PCOS Vegan Turkish Recipes: Lunch - Vegan Turkish Chicken Salad

PCOS Vegan Turkish Recipes: Lunch - Vegan Turkish Chicken Salad
Prep: 10 min
Cook: 10 min
Servings: 2
Lunch

Nutrition per Serving

350 Calories
20g Protein
30g Carbs
12g Fat
Grocery list: Vegan chicken strips, mixed salad greens, cherry tomatoes, cucumbers, red onions, olive oil, lemon, salt, and pepper. This recipe has a low GI, making it great for managing PCOS.

Ingredients

1 cup of vegan chicken strips (US), 200g (Metric); 2 cups of mixed salad greens (US), 150g (Metric); 1/2 cup of cherry tomatoes (US), 75g (Metric); 1/4 cup of sliced cucumbers (US), 40g (Metric); 1/4 cup of sliced red onions (US), 40g (Metric); 2 tablespoons of olive oil (US), 30ml (Metric); 1 tablespoon of lemon juice (US), 15ml (Metric); Salt and pepper to taste

Instructions

Step 1: Heat the vegan chicken strips in a pan until browned.

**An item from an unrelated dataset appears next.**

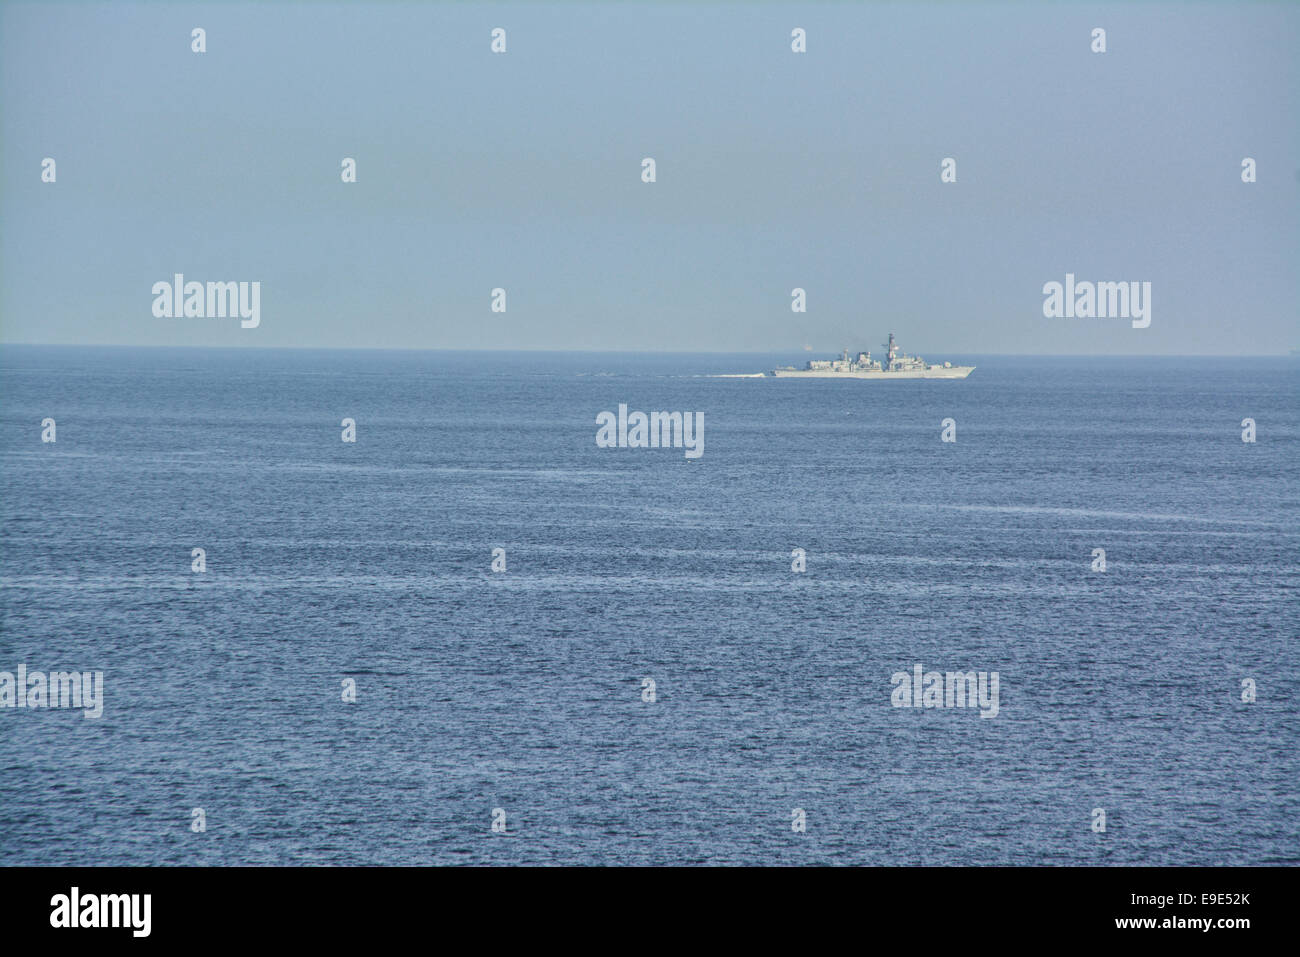 Gibilterra - 26 Ottobre 2014 - Royal Navy fregata HMS Kent (F78) condotta una pattuglia dello Stretto di Gibilterra, dal lato est della Rocca di Gibilterra durante la sera del 25 ottobre 2014. La Royal Navy nave da guerra è stato visto il pattugliamento fra petroliere e altre navi ancorate sul lato est della roccia prima di dirigervi nella baia di Gibilterra. Gibilterra offre off-shore servizi di bunkeraggio sono tra i suoi servizi marittimi. Il Britannico territorio di oltremare è situato nello Stretto di Gibilterra. Credito: Stephen Ignacio/Alamy Live News Foto Stock

Step 2: In a large bowl, combine the salad greens, cherry tomatoes, cucumbers, and red onions. Step 3: In a small bowl, whisk together the olive oil, lemon juice, salt, and pepper. Step 4: Pour the dressing over the salad and toss to combine. Step 5: Top the salad with the cooked vegan chicken strips. Serve immediately.